### Data
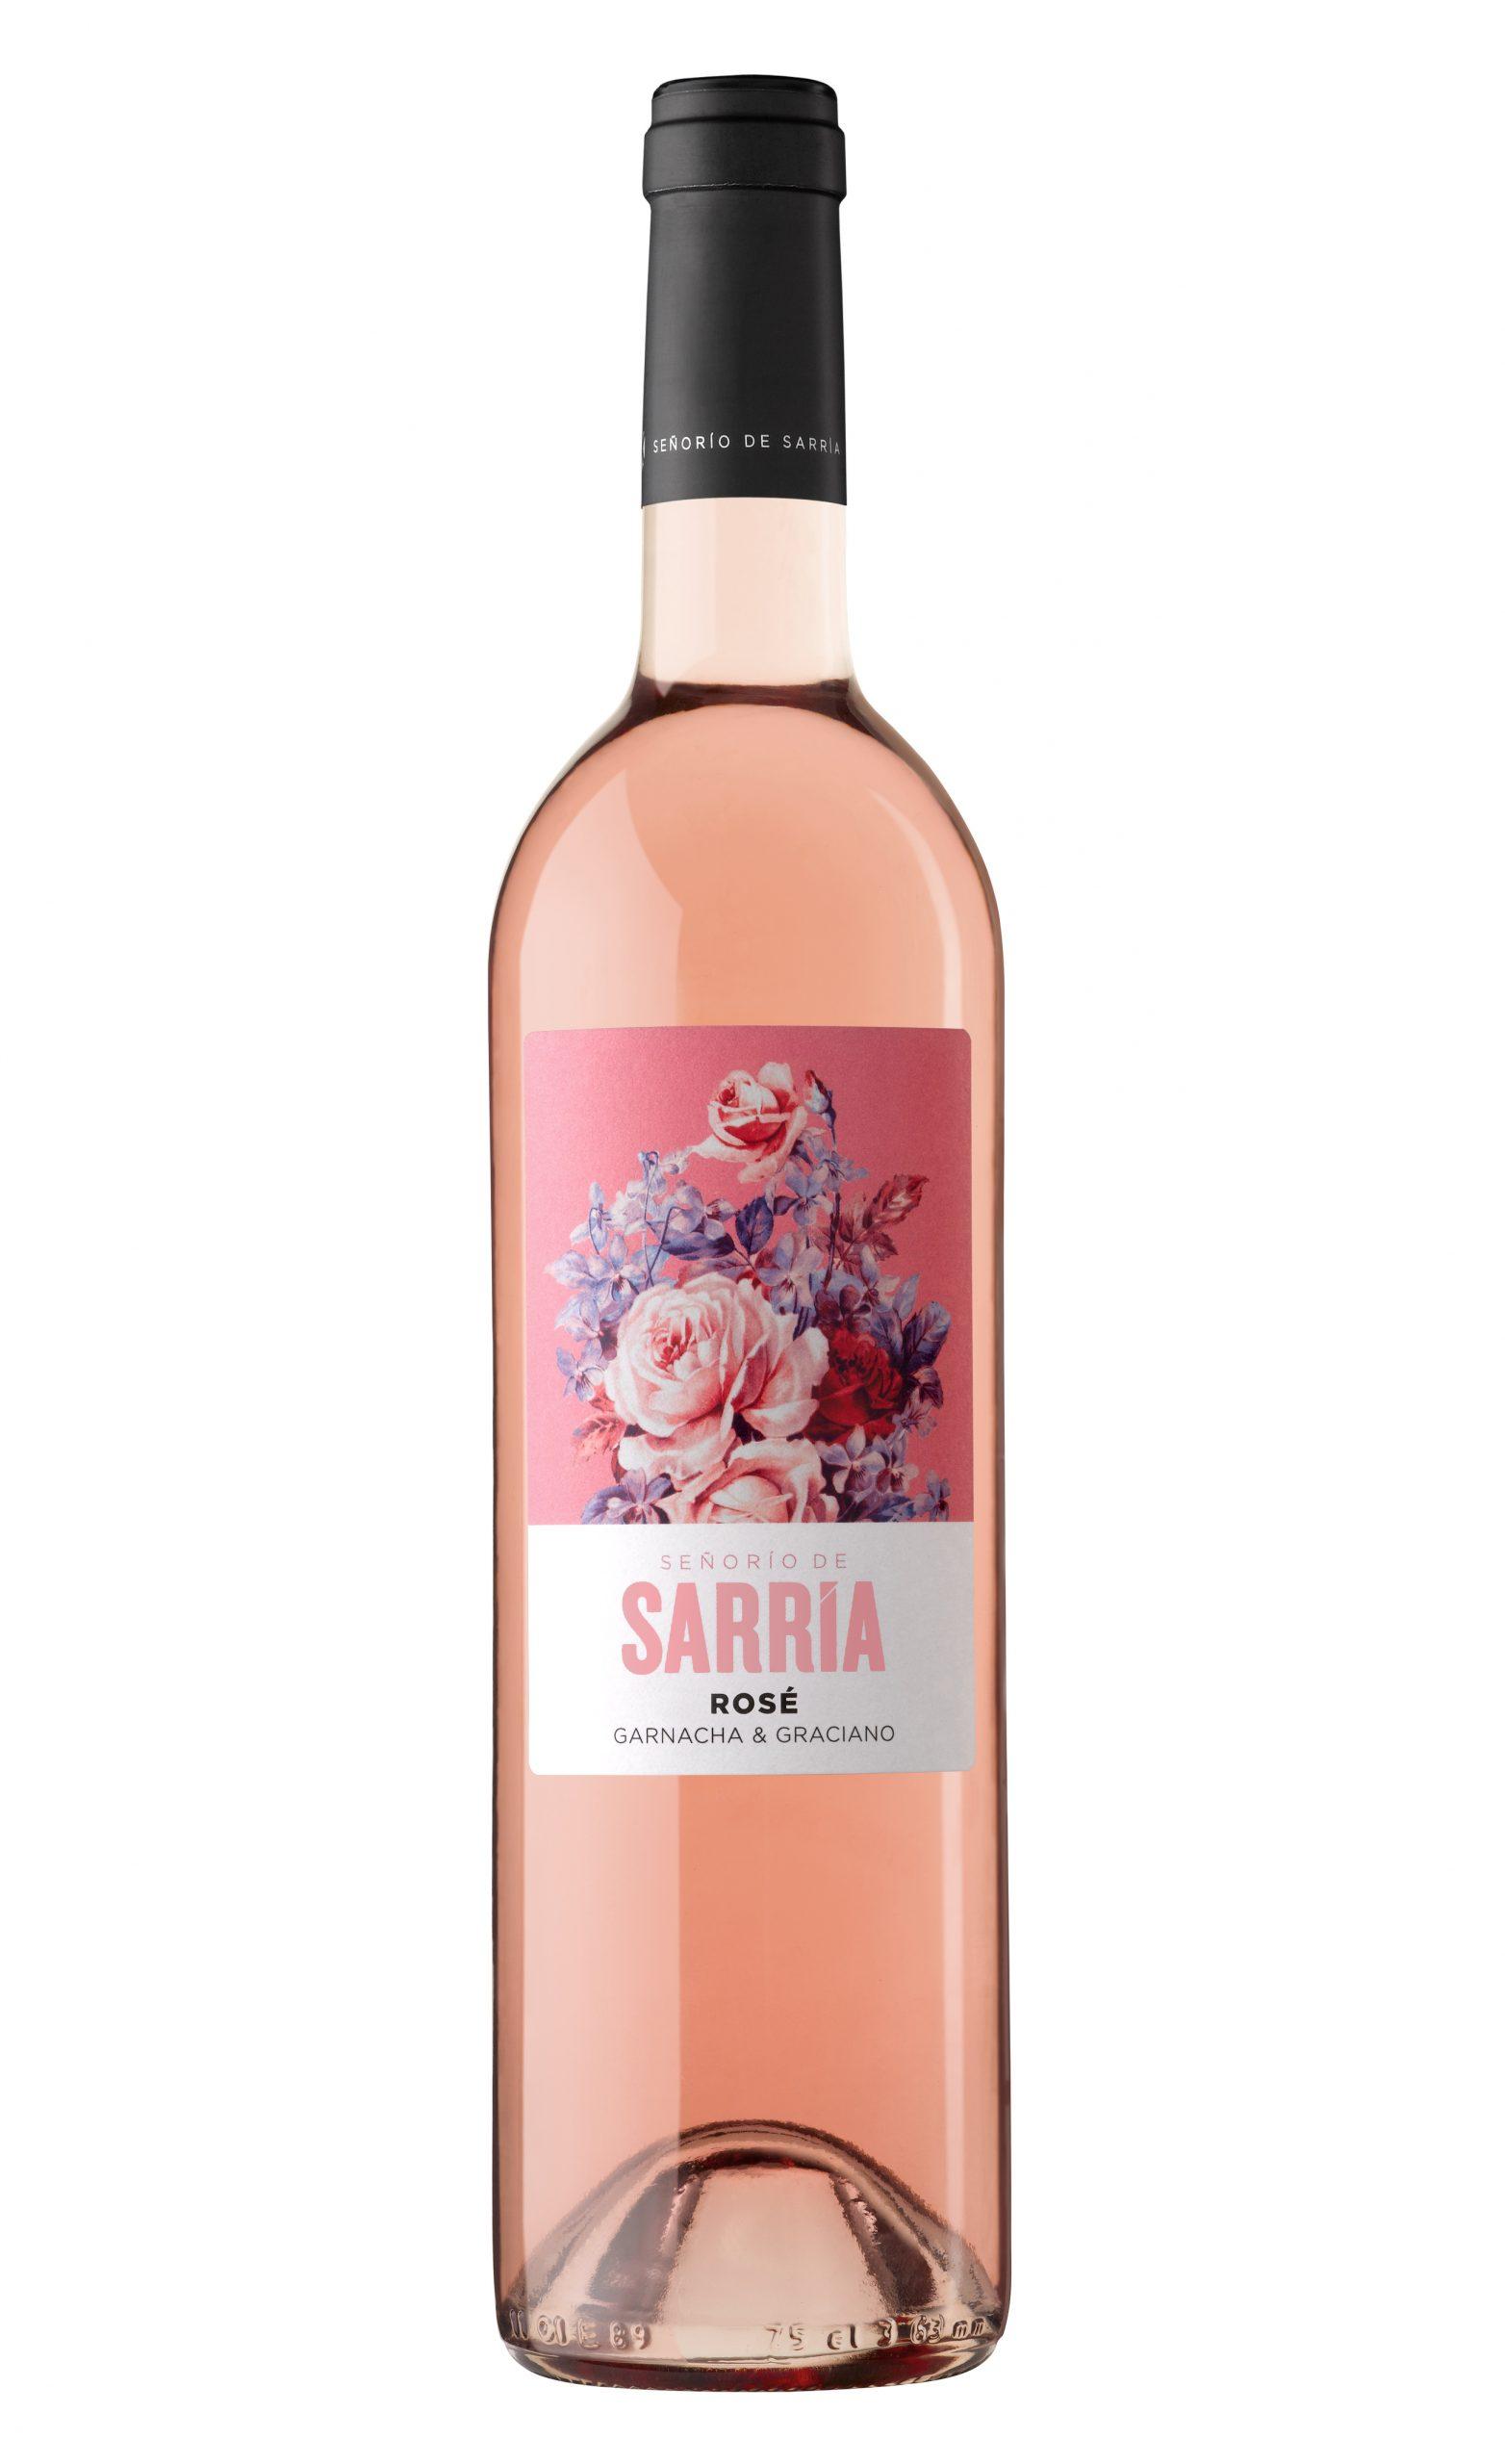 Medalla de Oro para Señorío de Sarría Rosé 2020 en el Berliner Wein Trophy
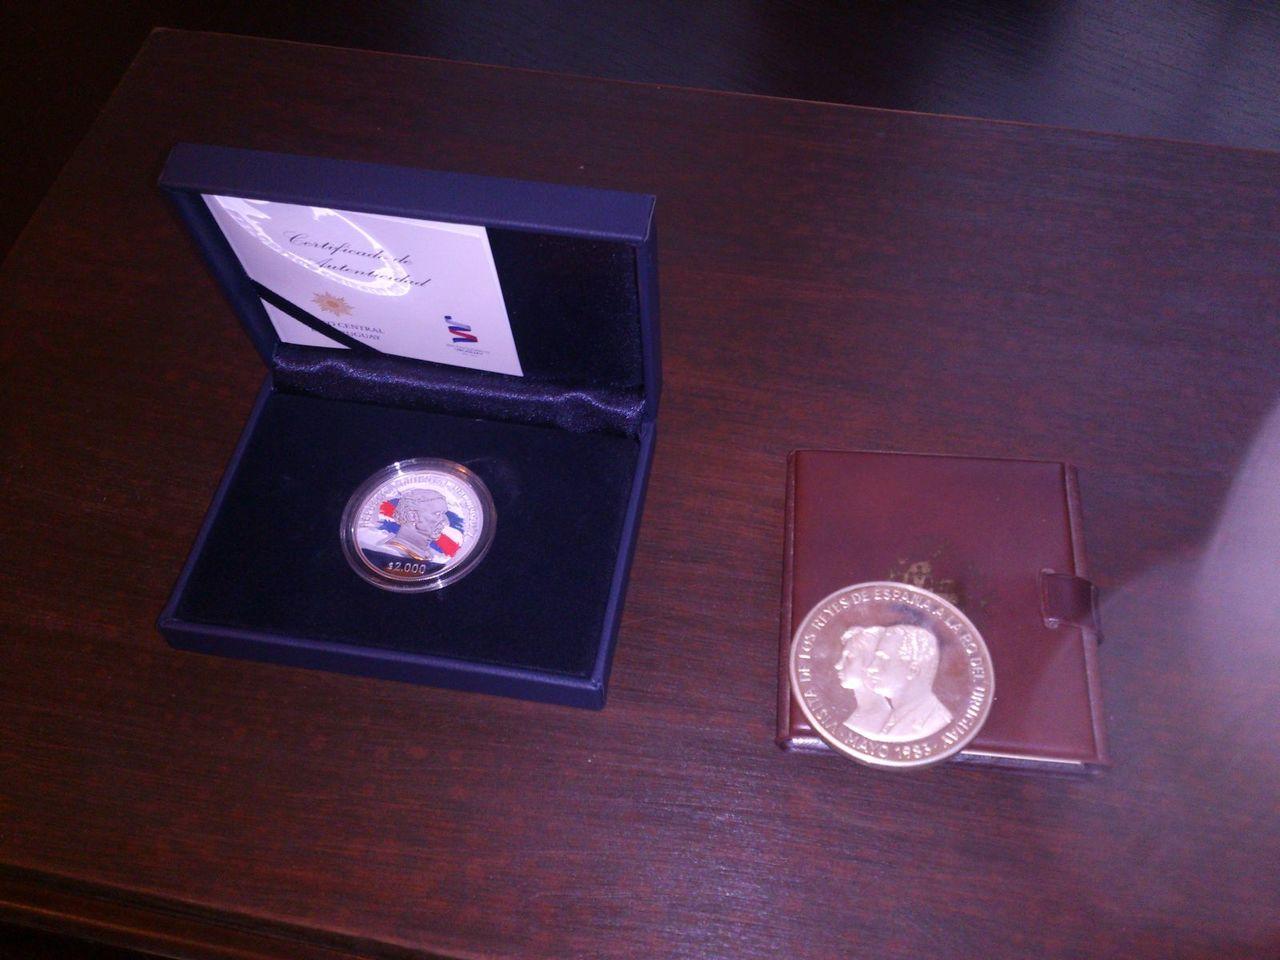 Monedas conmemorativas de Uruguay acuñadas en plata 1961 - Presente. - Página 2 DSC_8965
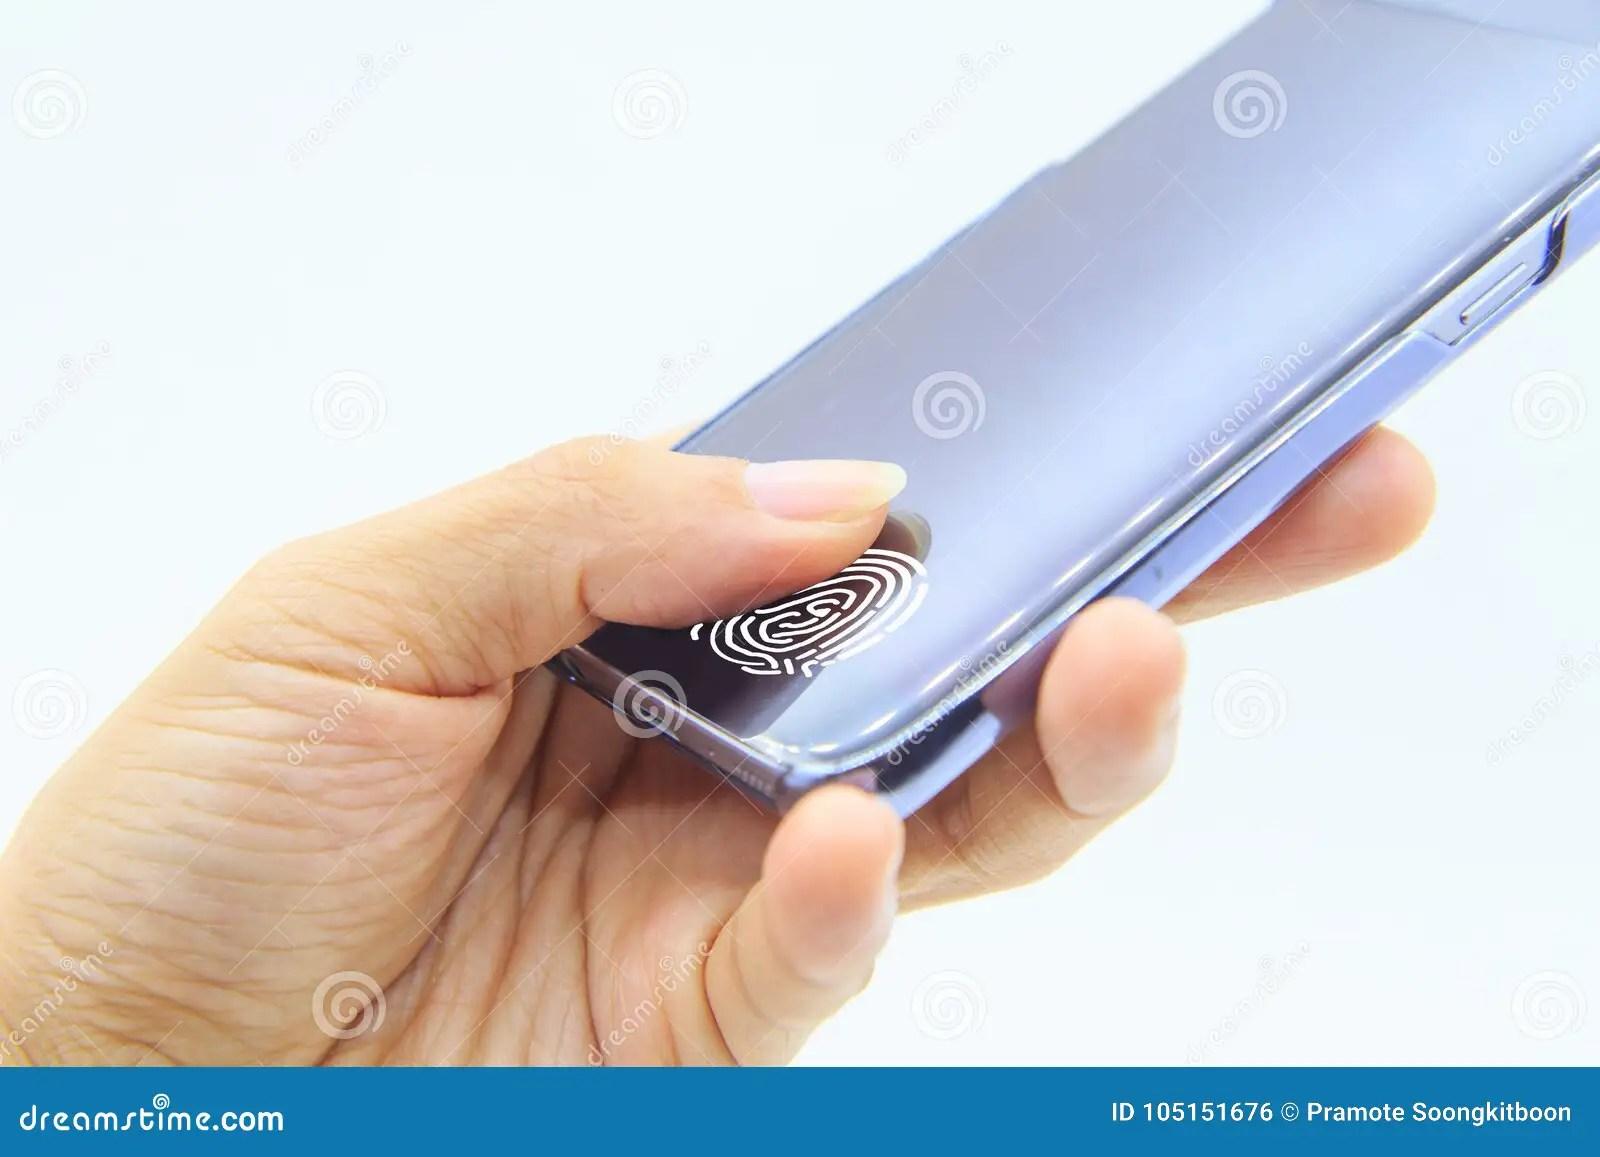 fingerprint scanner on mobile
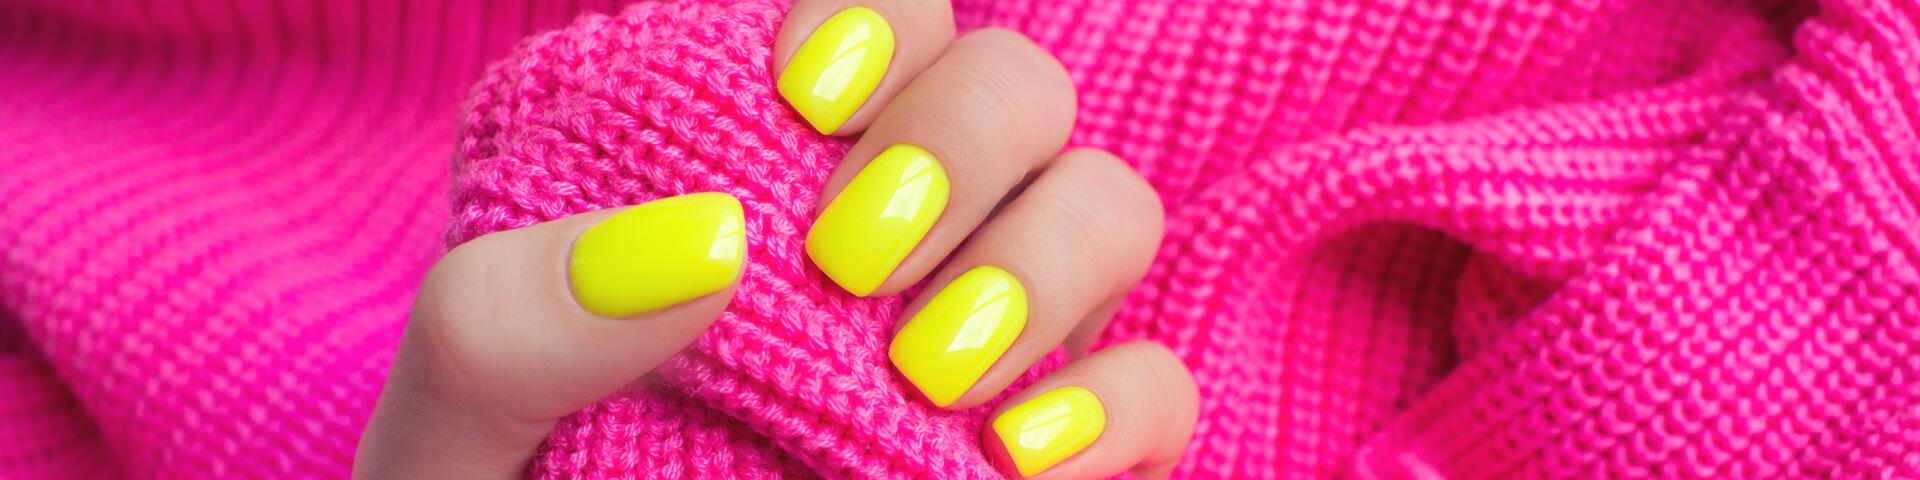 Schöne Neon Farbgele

### Directions
The expected output is the full data above, reproduced exactly with no images.

### Response box
 Medalla de Oro para Señorío de Sarría Rosé 2020 en el Berliner Wein Trophy
 Monedas conmemorativas de Uruguay acuñadas en plata 1961 - Presente. - Página 2 DSC_8965
 fingerprint scanner on mobile
 Schöne Neon Farbgele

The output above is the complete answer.